Problemi amplificati anche dalla struttura dell’ospedale, un presidio troppo piccolo per fronteggiare un nemico terribile e sconosciuto, con «reparti e spazi contigui e senza zone filtro, con transito continuativo di operatori tra i vari reparti che incrocia transito di pazienti ambulatoriali e parenti di degenti che si dirigono verso locali di ristorazione (macchinette del caffè), anch’essi angusti ed in genere molto affollati». Una situazione che sarebbe stata rattoppata, almeno in parte, dall’intervento dei medici dell’Esercito. «Solo all’inizio di questa settimana (a quasi un mese dal primo contagio), con l’arrivo di medici militari esperti nella gestione delle emergenze, si sono strutturati percorsi differenziati per limitare e contenere la diffusione del virus, ma i dispositivi di protezione personale scarseggiano e non tutti i sanitari né tantomeno i pazienti "negativi" ne vengono dotati».

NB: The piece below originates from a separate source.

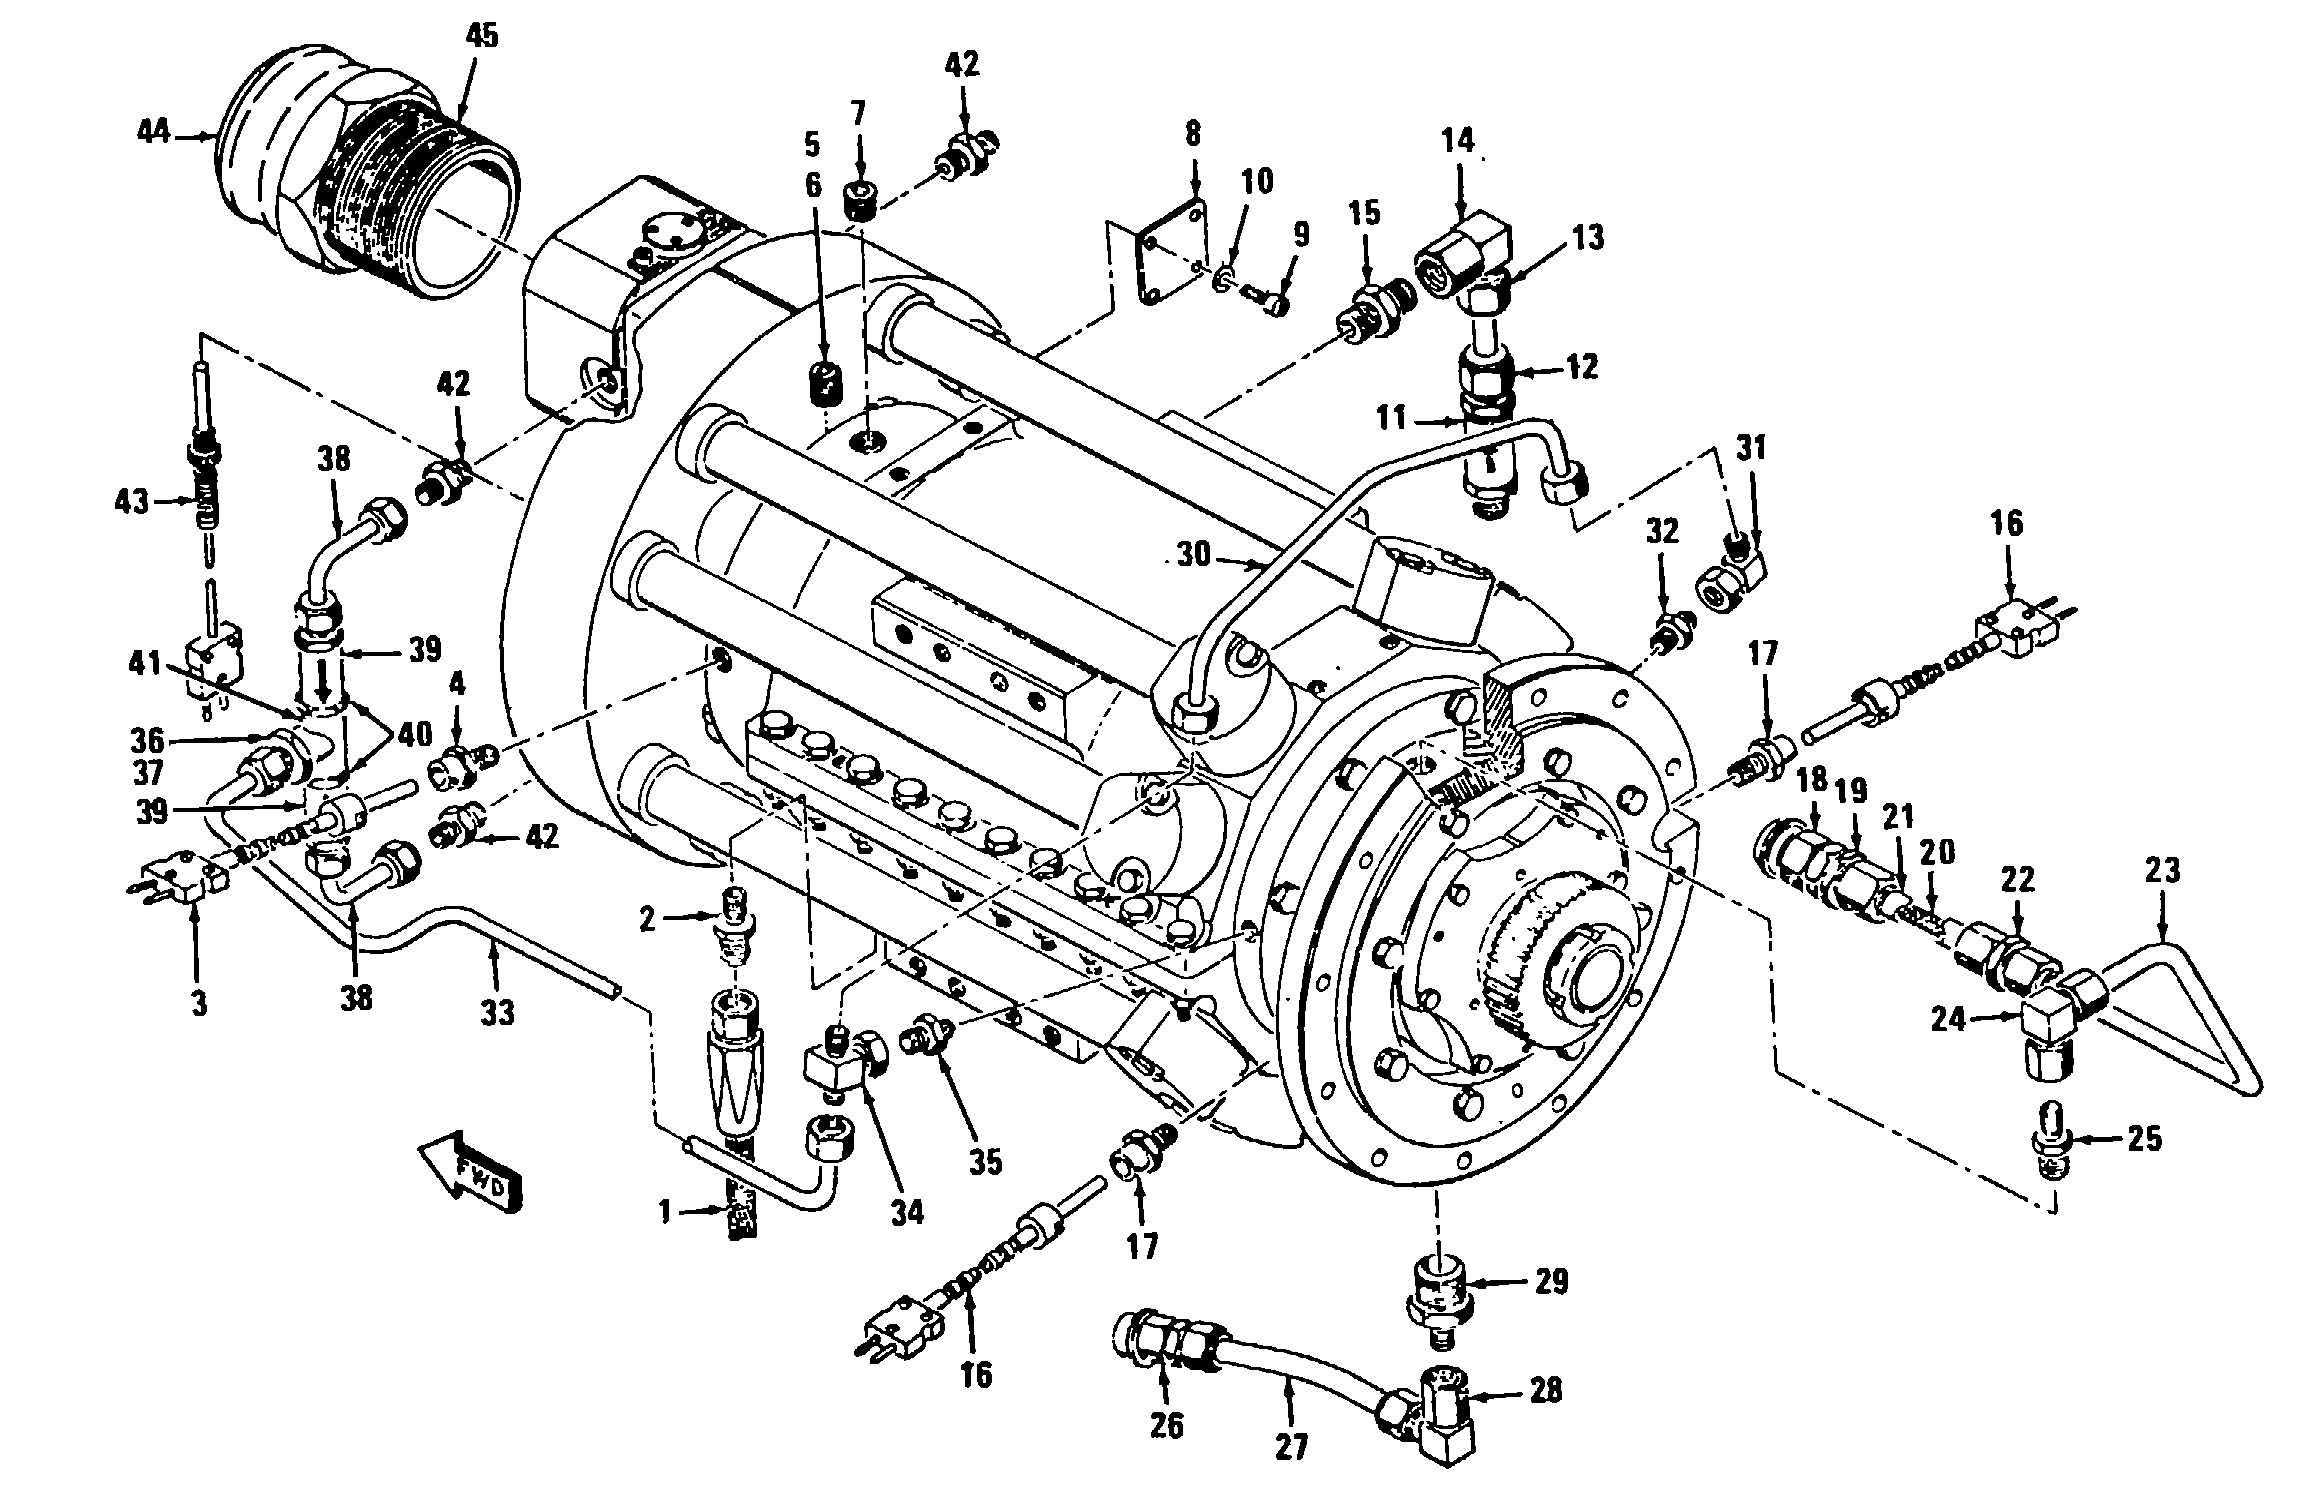 T55 Turboshaft Power Absorption System Maintenance

Lo scenario, pur migliorato, resta dunque molto complesso e delicato: «Ad oggi i vari reparti specialistici sono stati chiusi con il trasferimento dei degenti in altri ospedali. Tutti gli spazi liberati sono stati destinati alla accoglienza di casi accertati di coronavirus necessitanti di ricovero. Sono ad oggi quattro le cosiddette Obi (reparti di osservazione breve internistica, ndr). Unica eccezione (e - riteniamo- anomalia) è il reparto di psichiatria, unico reparto specialistico di pazienti "negativi" al Covid-19, circondato da reparti ad alta contagiosità».
Parole sofferte, che nell’intento dei due operatori dovrebbero servire a scattare un’istantanea di quanto accaduto e quanto accade, senza la presunzione di additare responsabilità. Da noi interpellata, l’Asst Bergamo Est, cui fa capo l’ospedale di Alzano, non ha per il momento voluto rilasciare commenti.